▶ _TASK_
Among the entries that follow, locate the line with "White Rose Best" and the line with "tabla escala de". Output those lines and all lines in between, exactly, minus the pictures.

▶ _MATERIALS PROVIDED_
*-*-*
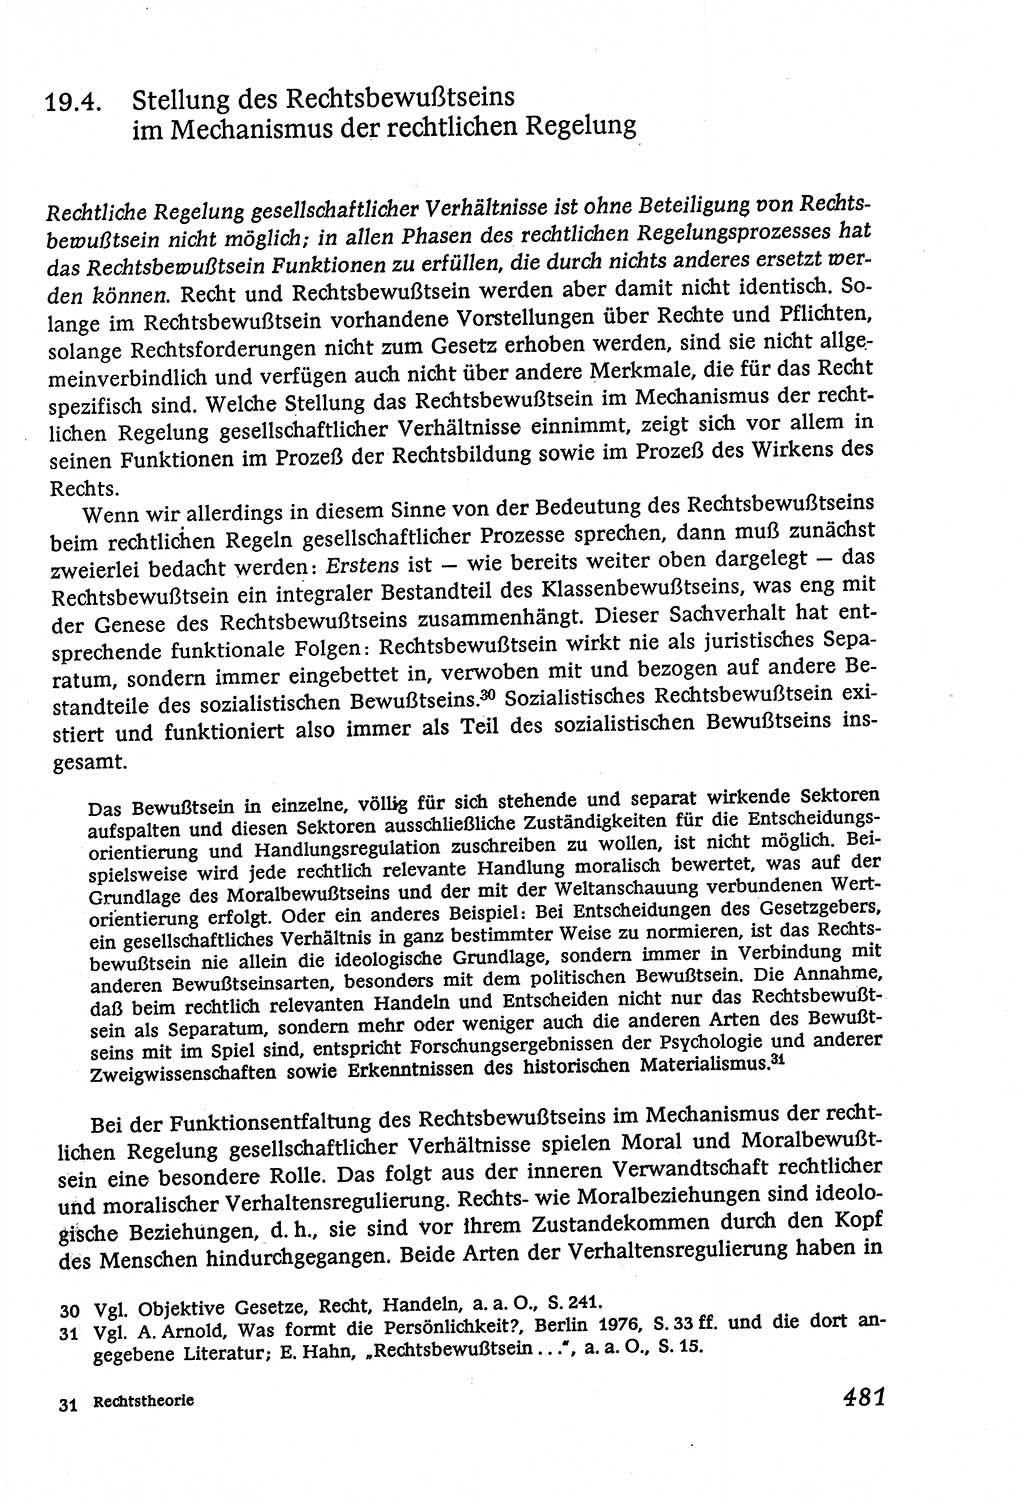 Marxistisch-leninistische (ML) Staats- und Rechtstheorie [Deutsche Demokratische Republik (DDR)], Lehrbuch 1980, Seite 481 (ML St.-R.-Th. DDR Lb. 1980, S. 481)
*-*-*
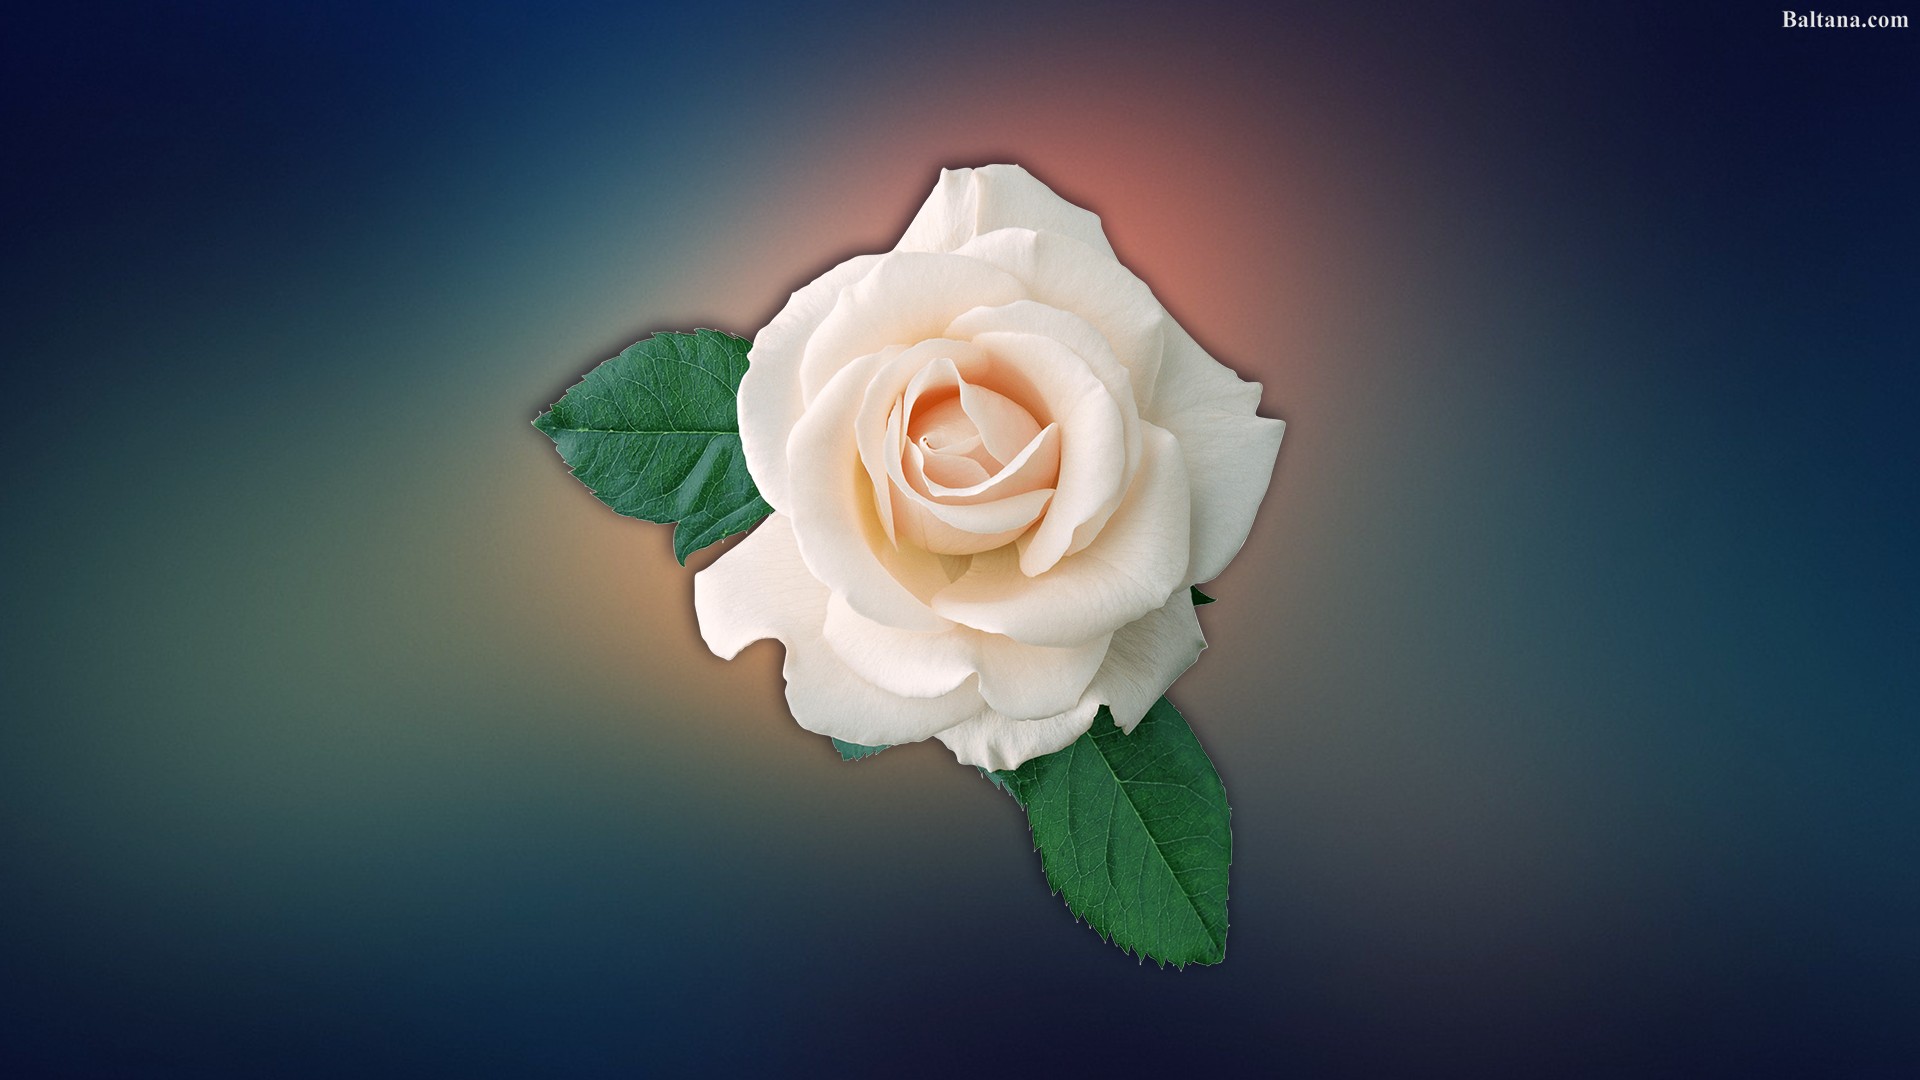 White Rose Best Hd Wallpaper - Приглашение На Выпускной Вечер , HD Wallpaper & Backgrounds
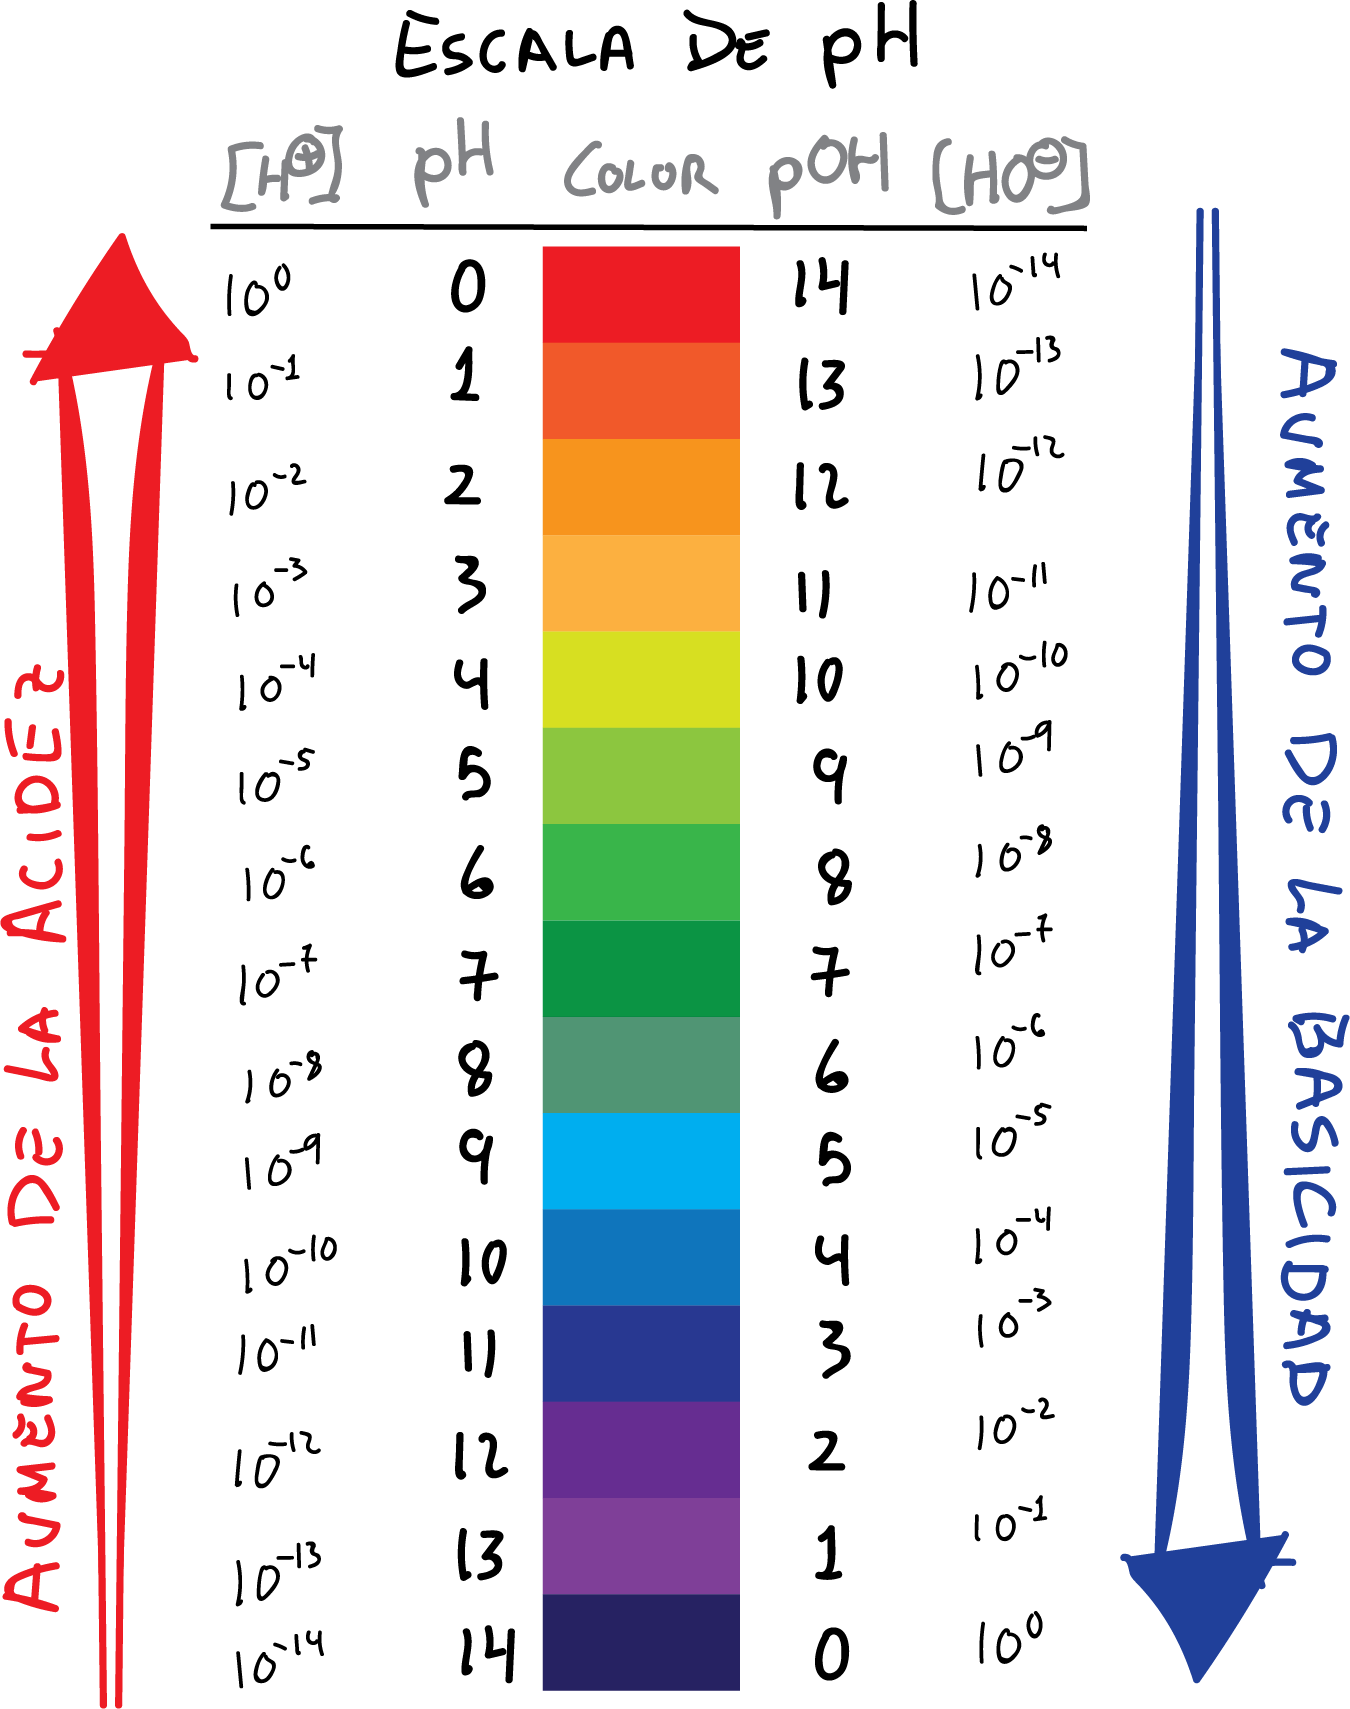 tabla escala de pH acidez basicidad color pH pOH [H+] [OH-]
*-*-*
▶ _RESULT OF THE TASK_
 White Rose Best Hd Wallpaper - Приглашение На Выпускной Вечер , HD Wallpaper & Backgrounds
 tabla escala de pH acidez basicidad color pH pOH [H+] [OH-]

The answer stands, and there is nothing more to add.